The Many Names of Abu Bakr al-Baghdadi

By Ali Hashem for Al-Monitor. Any opinions expressed are those of the author, and do not necessarily reflect the views of Iraq Business News.

Even to those who have hunted him and followed his every move, Islamic State (IS) Caliph Abu Bakr al-Baghdadi remains a mystery.

“Before anything I want to understand why he became like this, why an academic would make such a choice and how he feels toward the thousands of people he has killed around the Middle East. Then I’ll make sure he gets punished,” Maj. Bakr (a pseudonym), a member of the elite Iraqi counterterrorist unit the Falcon Brigade, said.

Iraqi forces had him in their crosshairs on Nov. 8, 2014, but an airstrike came too late and a wounded Baghdadi, 44, managed to slip across the Syrian border. The self-styled caliph now travels secretly and has avoided the public eye, apart from his infamous Friday sermons at a mosque in Mosul. While seclusion has only raised his profile, Baghdadi’s origins remain wreathed in more mystery than his movements.

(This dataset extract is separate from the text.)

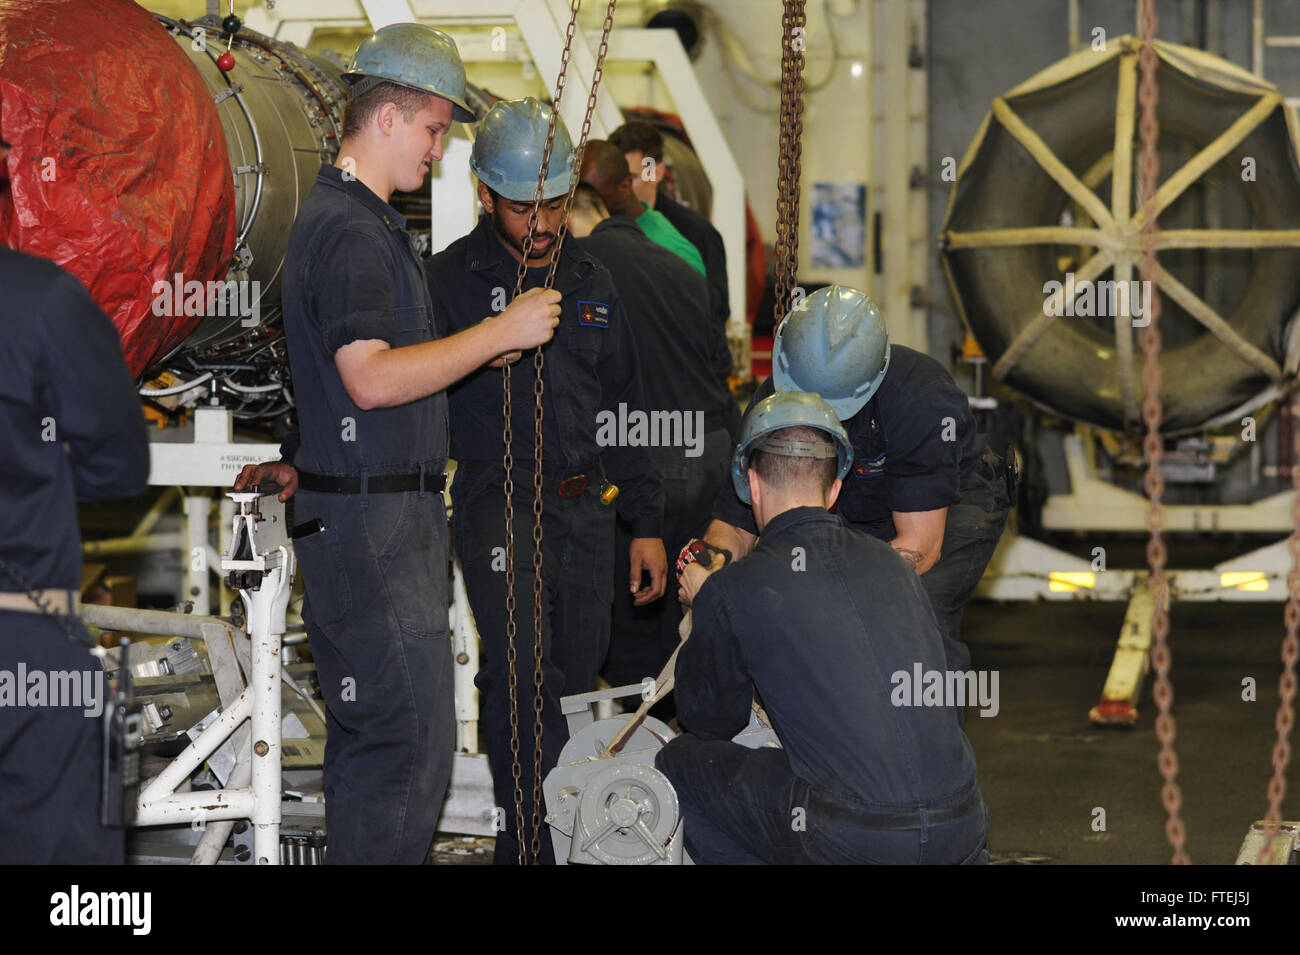 Estrecho de Gibraltar (Nov. 6, 2014) instalar un nuevo elevador de marineros a bordo del portaaviones USS George H.W. Bush (CVN 77). George H.W. Bush, homeported en Norfolk, Virginia, es la realización de las operaciones navales en los EE.UU. 6ª Flota de la zona de operaciones en apoyo de los intereses de seguridad nacional de EE.UU. en Europa. Foto de stock
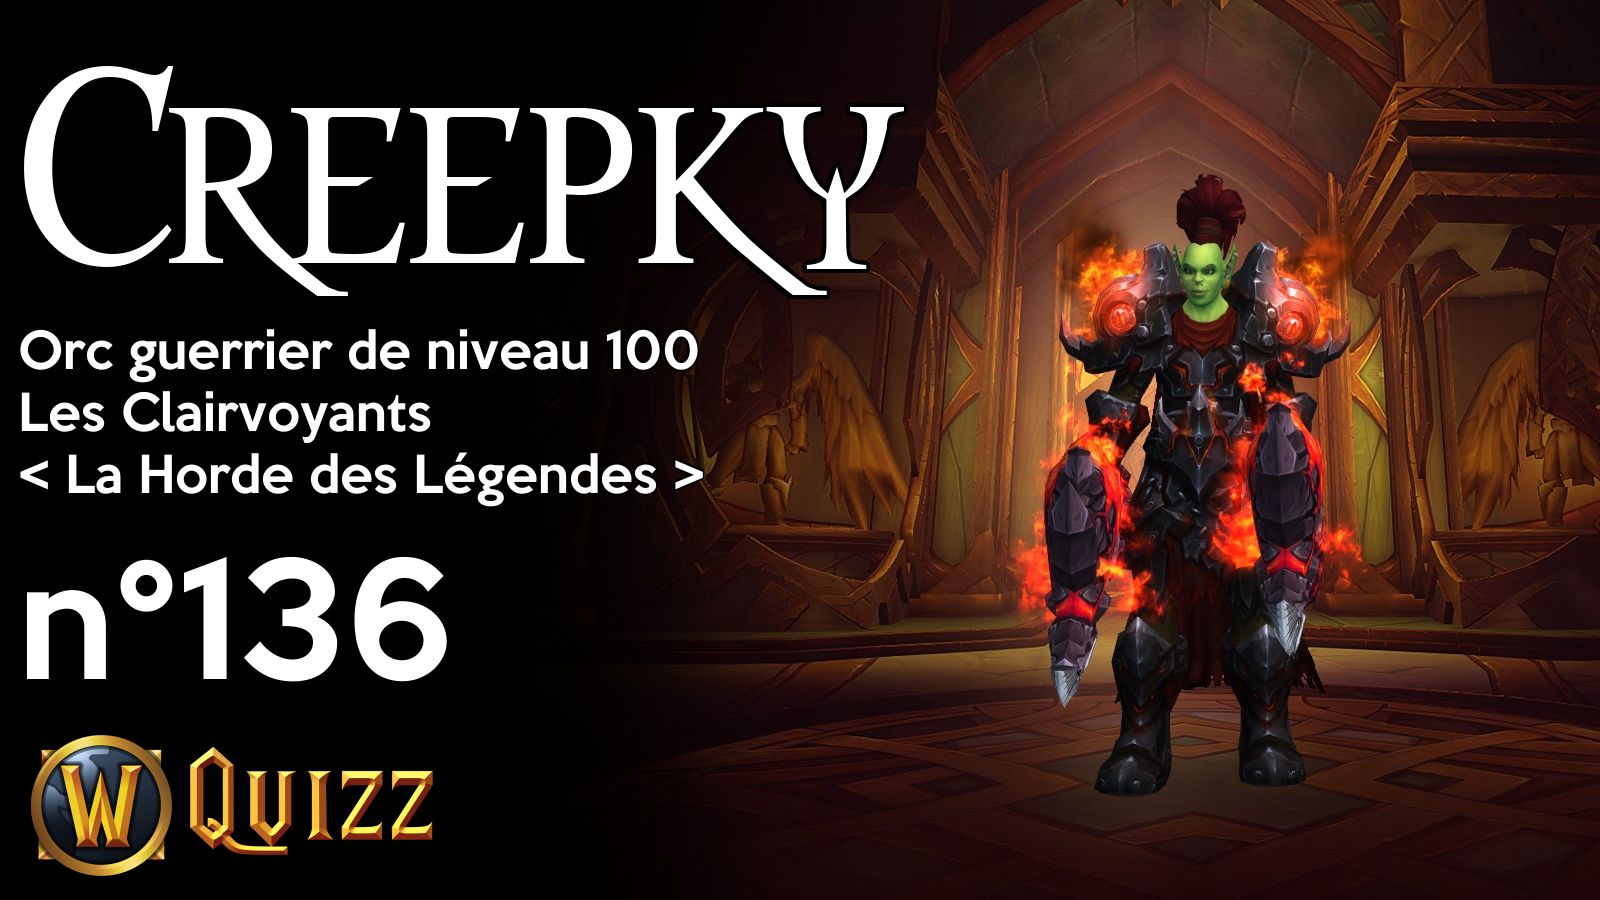 Creepky, Orc guerrier de niveau 100, Les Clairvoyants

Uncovering the man behind the demagogue was no easy task, so to find an answer I interviewed people who met him, saw him or lived with him in the past. I visited the neighborhood where he lived in Baghdad and the mosque he led the prayer services as an imam; I saw pictures of his family members, including his sons, daughters, brothers and wife. Based on all this, I will try to depict the man before he became the elusive Baghdadi, when his name was Ibrahim Awwad Ibrahim Ali al-Badri al-Samarrai, or Sheikh Ibrahim, of Samarra and he led a fairly normal life.

How did Sheikh Ibrahim become Caliph Baghdadi?

This was the main question to answer. The first place to visit was the neighborhood of Tobji, nestled in northwest Baghdad, where he lived and was the imam of the Sunni mosque of Haji Zeidan, built in 1958.

I headed directly to the mosque’s wooden door, knocked twice before a policeman opened and expressed surprise when I asked if this was the place where the IS leader used to lead the congregational prayer as an imam. “I don’t know anything about this,” the policeman said, before calling Khaled, the man who introduced himself to me as the son of the mosque’s imam. “People here are afraid of discussing this issue openly,” Khaled said. “My father has been arrested several times because of Baghdadi. The last time he was detained for almost two months. The intelligence wanted to talk to him once more. I’m not sure you’ll find someone to tell you anything here.”